Aidenhjj
Aidenhjj

Reputation: 1289

Delete different nested object if parent meets condition

I want to delete different sub-objects from a json file (whilst maintaining the original structure) depending on whether the parent object's key meets a given condition.

Say I have:

{
  "A": {
    "1": {
      "bar": 1,
      "foo": 0
    }
  },
  "B": {
    "2": {
      "not_here": 0,
      "foo": 0
    },
    "3": {
      "bar": 0,
      "foo": 1
    }
  },
  "C": {
    "4": {
      "bar": 0,
      "foo": 1
    }
  }
}

And for all nested objects with keys in ["1", "2"], I want to delete the bar object, and otherwise I want to delete the foo object, so the output expected being:

{
  "A": {
    "1": {
      "foo": 0
    }
  },
  "B": {
    "2": {
      "not_here": 0,
      "foo": 0
    },
    "3": {
      "bar": 0
    }
  },
  "C": {
    "4": {
      "bar": 0
    }
  }
}

I would've thought this would work:

.[][] |= (if .key == ("1", "2") then del(.bar) else del(.foo) end)

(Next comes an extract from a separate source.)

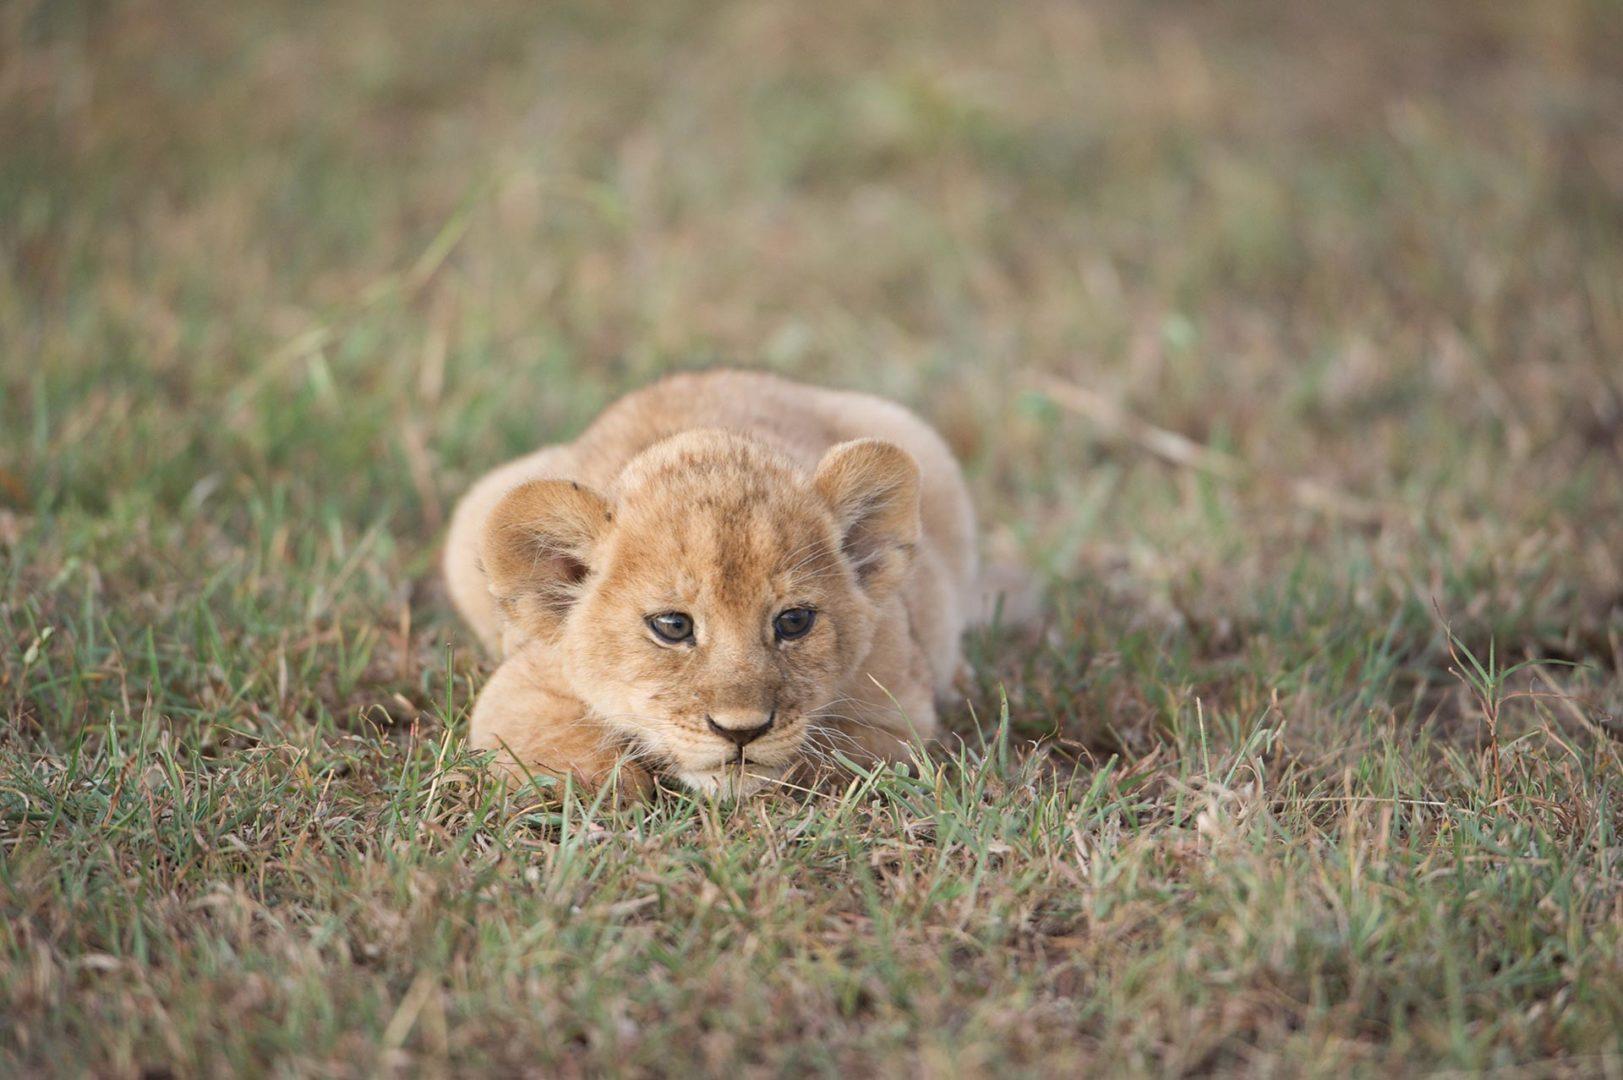 Safari is on my bucket-list

But there's something wrong with my conditional I think as it just deletes foo everywhere.

Upvotes: 0

Views: 294

Answers (1)

peak
peak

Reputation: 116880

Using your approach, you could write:

.[] |= with_entries(
   if (.key == "1" or .key == "2") 
   then .value |= del(.bar) 
   else .value |= del(.foo)
   end)

with_entries makes it easy to access each "key" and corresponding "value".

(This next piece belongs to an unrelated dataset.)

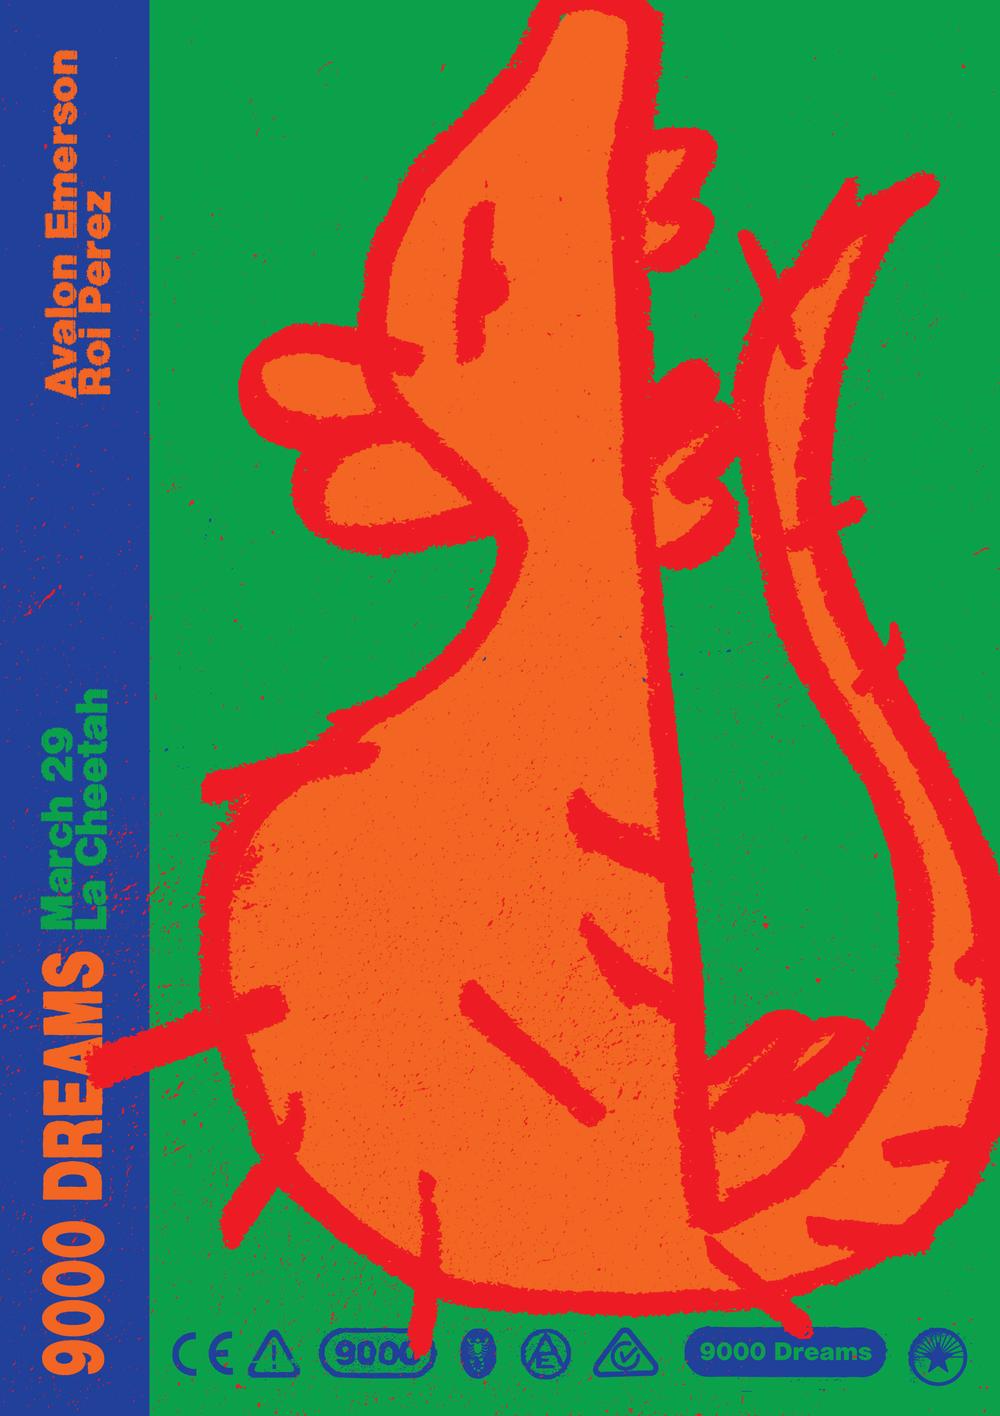 9000 Dreams at La Cheetah: A series of nights by  Avalon Emerson

Your attempt failed because .[][] reaches down too deeply into the data, as you can see by running jq '.[][]'. If you do, you'll see why your attempt ends up deleting the foo keys unconditionally, the point being that .key is only defined for you in the context of with_entries (though to_entries can be used to achieve the same effect).